Maltese National Amateur League
- Season: 2025–26
- Dates: 19 September 2025 – 11 May 2026
- Champions: Attard
- Promoted: Victoria Hotspurs
- Relegated: Xghajra T. Kirkop U. Luqa SA Zejtun C.
- Matches: 187
- Goals: 586 (3.13 per match)
- Top goalscorer: Precious Uchechukwu Nwankwo Attard (32 goals)
- Biggest home win: Qormi 5-0 Zejtun C. Qormi 5-0 Lija A. Victoria H. 5-0 Lija A. Mqabba 5-0 San Ġwann
- Biggest away win: San Ġwann 0-5 Xgħajra T. Kirkop U. 0-5 Qormi Mellieha 0-5 Qormi Qrendi 0-5 Lija A.
- Highest scoring: Qormi 4-7 Attard Attard 6-5 Zejtun C.
- Longest winning run: Lija A. / Victoria H. (6)
- Longest unbeaten run: Lija A. / Victoria H. (12)
- Longest winless run: Senglea A. / Mellieha (11)
- Longest losing run: Senglea A. (9)

= 2025–26 Maltese National Amateur League =

The 2025–26 Maltese National Amateur League (referred to, for sponsorship reasons, as the BOV National Amateur League) occurs between 20 September 2025 and April 2026. This will be the second season since the Amateur League was split and the league system returned into two tiers since the 2019–20 season. Attard were crowned champions, earning the right to play in the 2026-27 Challenge League.
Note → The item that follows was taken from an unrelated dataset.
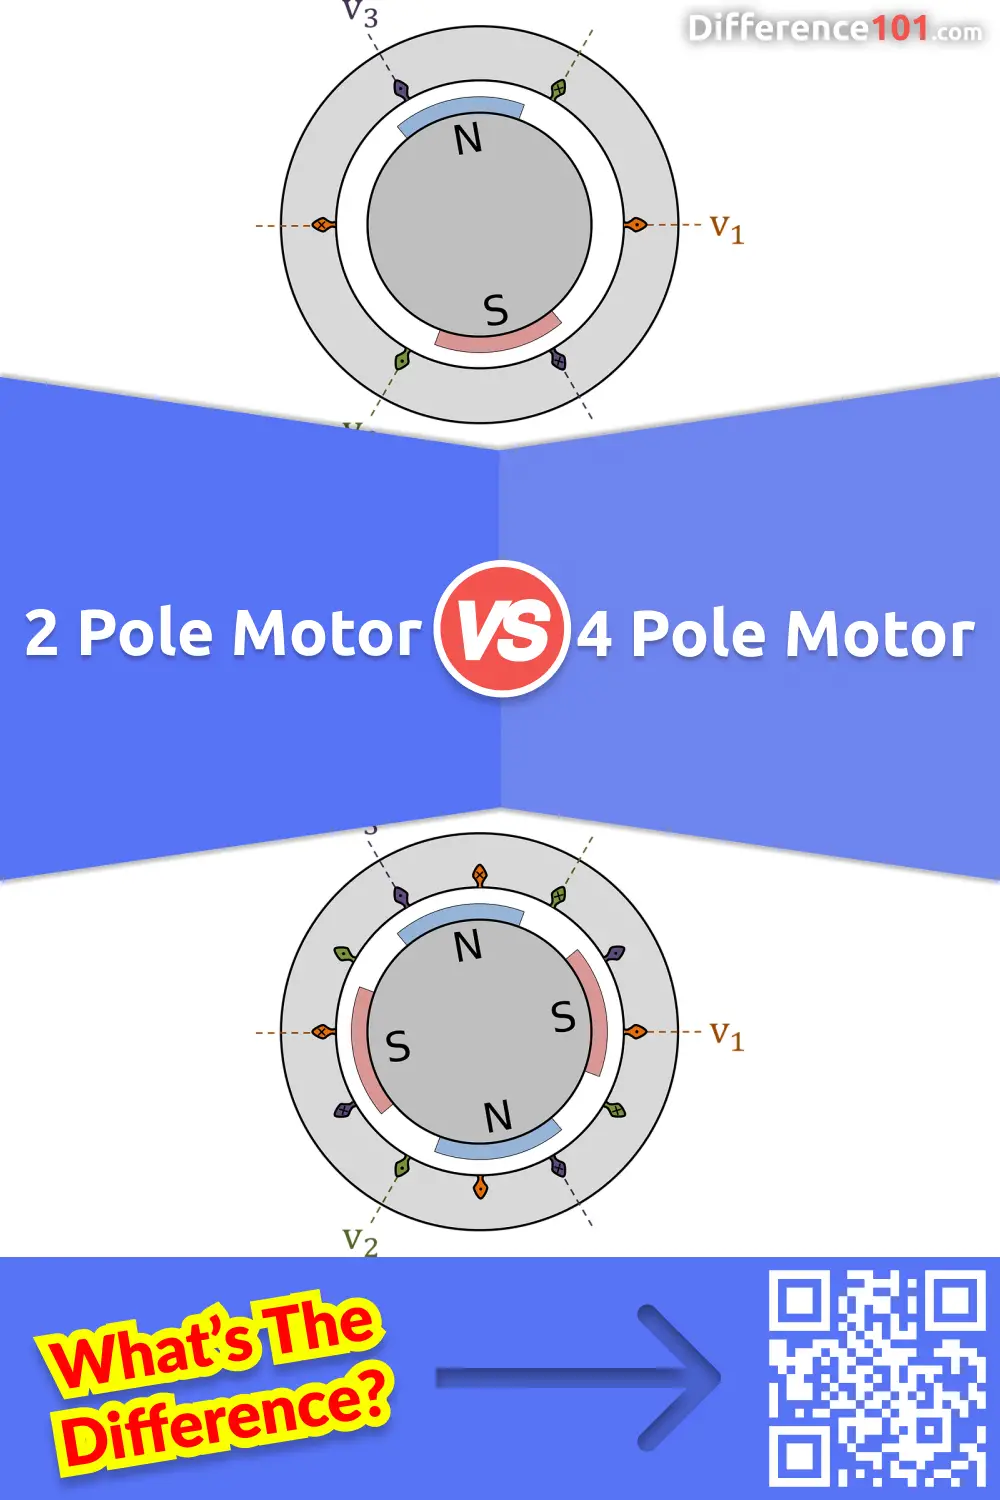 pitch medley fund 2 Pole Motor vs. 4 Pole Motor: 7 Key Differences, Pros & Cons, FAQs |  Difference 101

Macron will provide the match footballs this season.

== Team changes ==
The following teams have changed divisions since the 2024–25 season:

| Promoted from 2024–25 Maltese National Amateur League II | Relegated from 2024–25 Maltese Challenge League | Relegated to 2025–26 Maltese National Amateur League II | Promoted to 2025–26 Maltese Challenge League |
|---|---|---|---|
| Mqabba Victoria Hotspurs | Lija Athletic Senglea Athletic | Gharghur Marsaskala Msida Saint-Joseph Rabat Ajax | Birzebbuga Vittoriosa |

== Teams ==
Fourteen teams competed in the 2025-26 League. Victoria Hotspurs became the first Gozitan club to reach the third tier of Maltese football since the, now defunct, Gozo F.C. played in the old Second Division in 2006-07.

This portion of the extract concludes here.